So much seems to be happening in my household. With 4 little ones running around someone is always needing something or needing to go somewhere. There is barely enough time to shower and brush my teeth on a daily basis.
Currently, the girls are extra busy with soccer and school. Reading has become much easier for Ireland while Erin continues to excel. Soccer is a hit or miss as far as how excited the girls are to play.
Ireland seems to have a natural talent for it but too often seems to be unprepared for the physical contact. Granted I suppose she does have some reason to complain as with each practice she seems to take a ball from midfield to the abdomen. That combined with a boy who seems to think that pushing and shoving girls to the ground is fun I can see how some days she would rather cry than deal.
Erin tries with soccer but would much rather be elsewhere. She wants to try tennis but I think we might have to wait a while on that one. I'm caught between being the supportive mom who lets them explore and keeping my sanity through simplifying the schedule as much as possible.
Michael continues to make us all smile while pulling at our heartstrings. He is still adjusting to daycare as drop offs in the morning are full of tears and pleas. Usually I leave him crying as I begin to cry myself. I know he has fun once I've left but leaving him is so difficult.

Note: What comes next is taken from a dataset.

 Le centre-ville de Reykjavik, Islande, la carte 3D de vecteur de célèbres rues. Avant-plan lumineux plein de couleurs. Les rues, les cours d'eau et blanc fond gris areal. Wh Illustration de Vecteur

And Conor....oh Conor. My baby, what am I going to do with you? The moment he was placed in my arms he seemed to already know what he wanted. He seems the be the happiest and most well adjusted of us all. He also seems to be on a mission to prove he isn't just the "baby".

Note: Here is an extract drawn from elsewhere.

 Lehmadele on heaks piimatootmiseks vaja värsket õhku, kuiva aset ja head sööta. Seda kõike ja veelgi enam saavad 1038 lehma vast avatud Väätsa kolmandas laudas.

Tomorrow he will be a mere 6 months old and already he is crawling, sitting up, and attempting to pull himself up. I so wanted him to stay small.
Knowing he would be my last I wanted to bottle as much "baby" time as I could. Soak it in and make memories that would help me make it through the coming years.
Once again I'm reminded that my children are only mine for a short while and have their own lives to live. Time will not slow just because I desire more baby moments or sanity. I have a job to do, and raise these kids I shall do...but I can't guarantee I won't have lots of fun along the way.